2. Il y a une réalité plus inquiétante de l’islamo-gauchisme, celle qui reprend le projet foucaldien, que nous espérons avoir un peu explicité, de la construction révolutionnaire d’un nouvel ordre antidémocratique et antimatérialiste en se servant de l’énergie du religieux. On peut par exemple retrouver ce type d’aspirations dans la littérature du Parti des Indigènes de la République. Cela prêterait probablement moins à confusion d’abandonner le terme d’islamo-gauchisme pour ce type de groupe et d’idéologie pour parler de néofascisme, en fonction du niveau de congruence doctrinale avec les critères de Gentile.

3. Il y a plus qu’une continuité entre la façade de l’islamo-gauchisme et les groupes à l’idéologie authentiquement fasciste. Étant donné la faiblesse actuelle de la gauche et en particulier des tendances universalistes et matérialistes en son sein, les glissements idéologiques peuvent être très rapides.

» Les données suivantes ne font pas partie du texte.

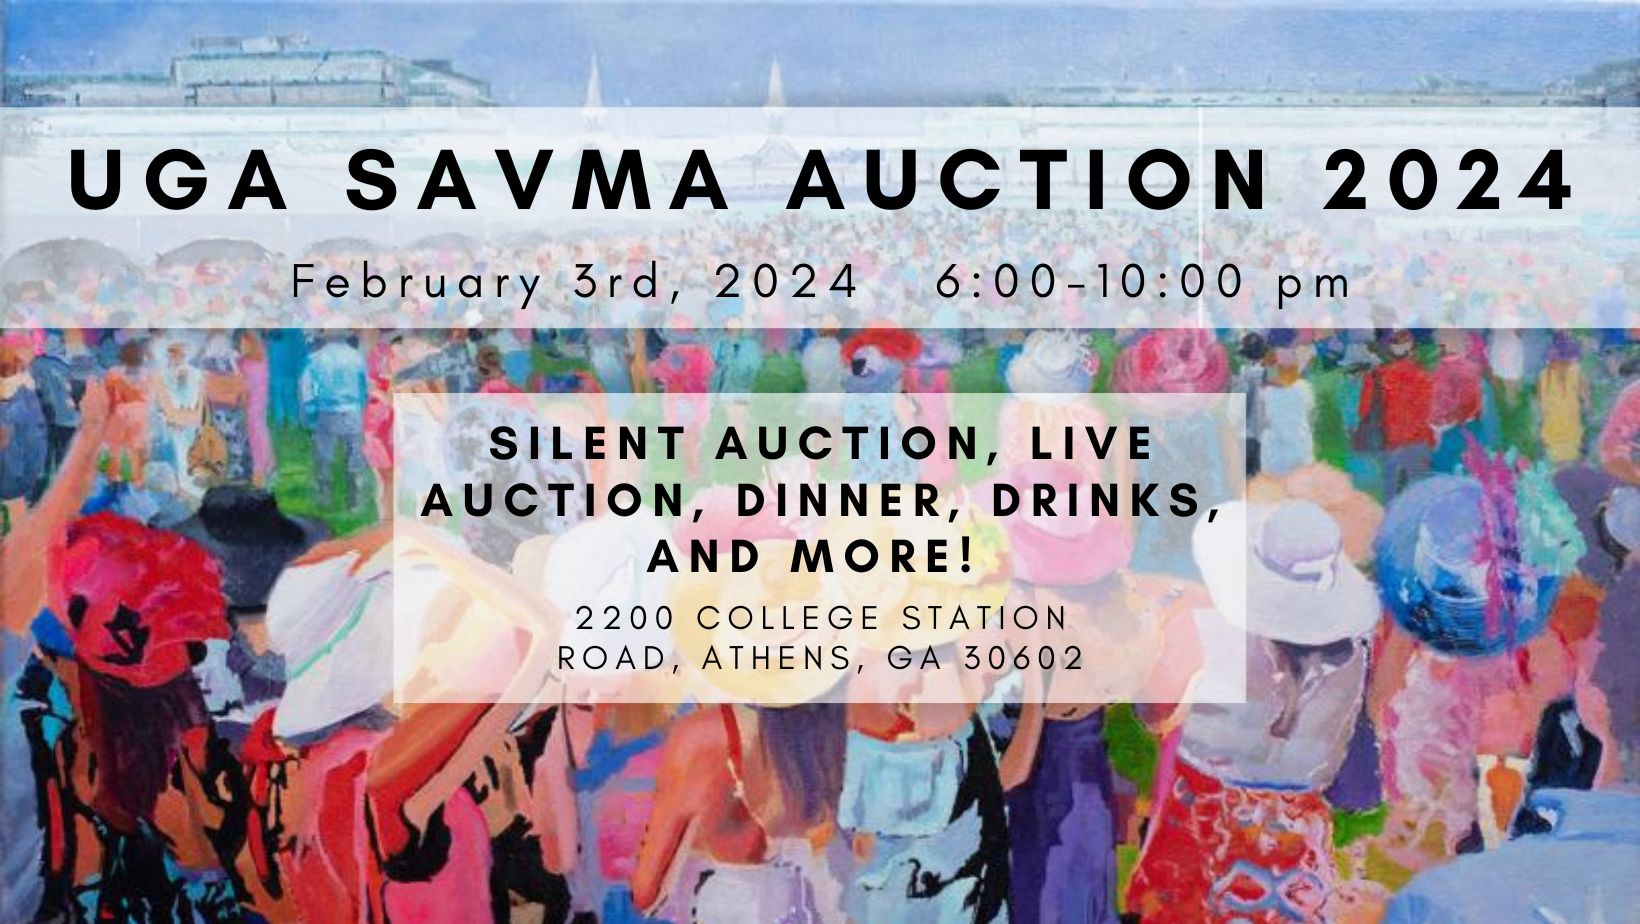 SAVMA Auction 2024 Banner with text: "Silent auction, live auction, dinner, drinks, and more!"
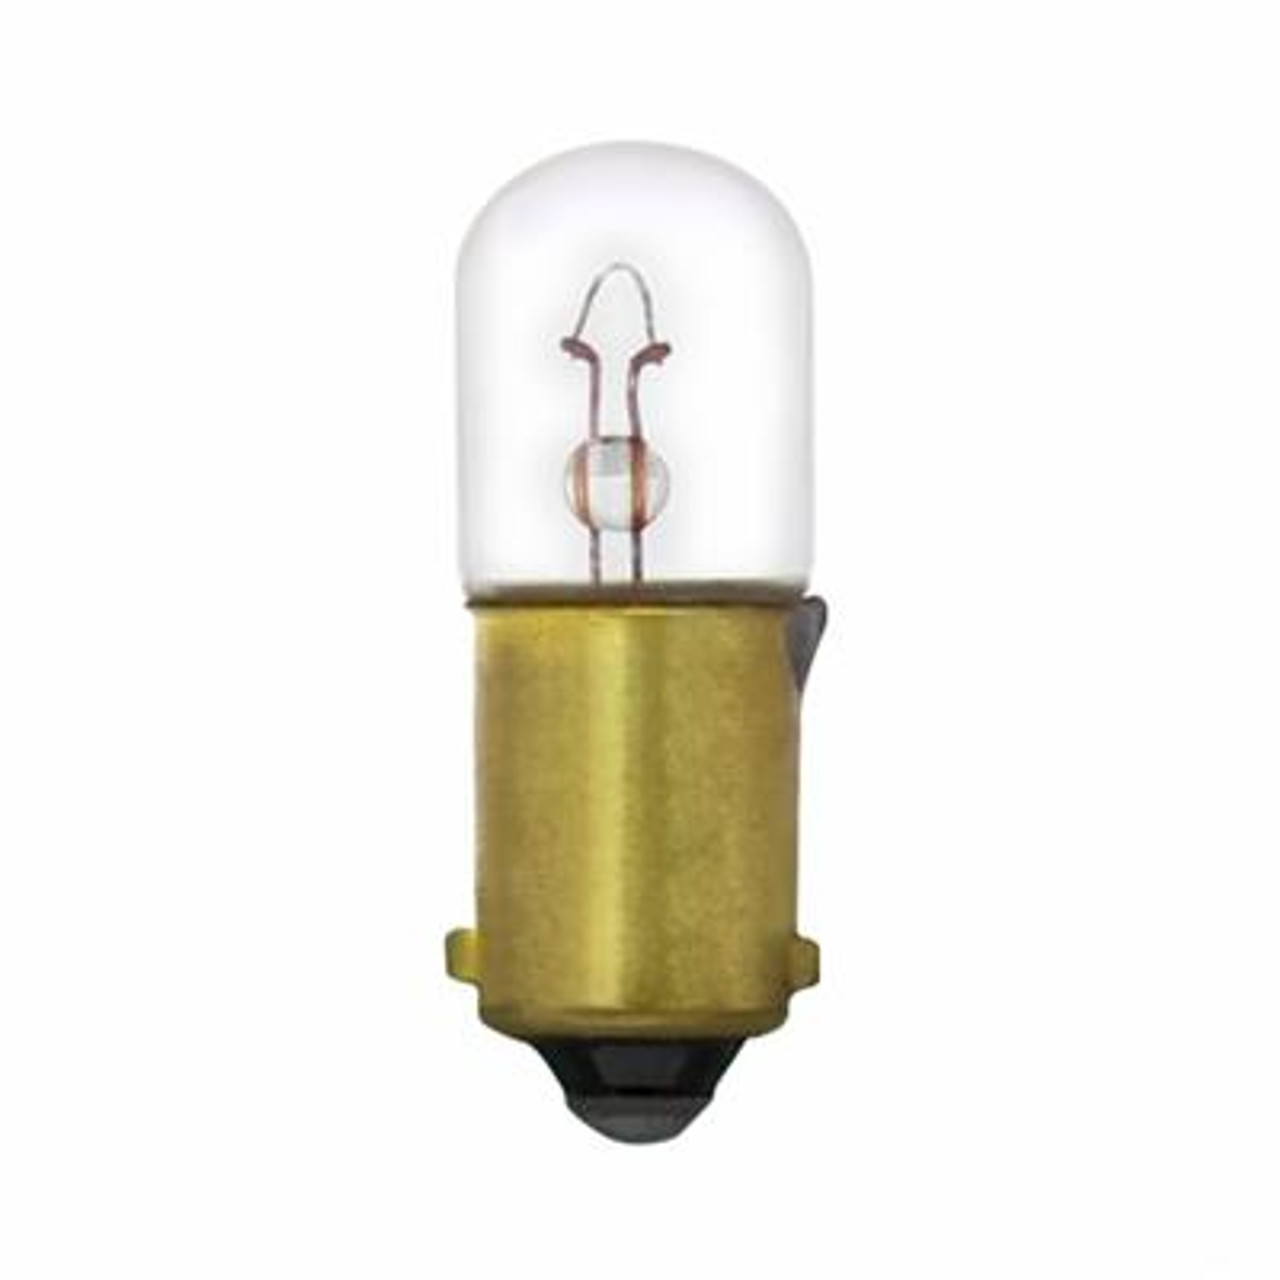 We offer a wide range of light bulbs from incandescent turn signal bulbs, LED headlight bulbs, LED dome nights, to halogen headlight bulbs. And if you wanted to add some flavor, we also sell light bulb covers in a variety of colors!

La grille de lecture proposée dans cet article doit permettre de clarifier la situation et de mettre en lumière les dérives en cours.

EXERGUES

À partir d’une déception similaire à l’égard des Lumières, de la Raison et de la Révolution, à partir d’une critique du libéralisme et du marxisme, Michel Foucault reprend le chemin emprunté par les non-conformistes des années 1930, celui qui mène au fascisme.

Ce qui fut défendu par Michel Foucault de 1978 à 1979, c’est une idéologie originale, qui constitue la matrice réelle de l’islamo-gauchisme.

Silencieux sur les conséquences les plus brutales de la dictature qui s’installe, fasciné par les potentialités les plus radicales de l’islam politique, notamment le culte du chef, Michel Foucault invente en réalité sa Révolution iranienne selon un mouvement qui lui fait retrouver les voies du fascisme européen.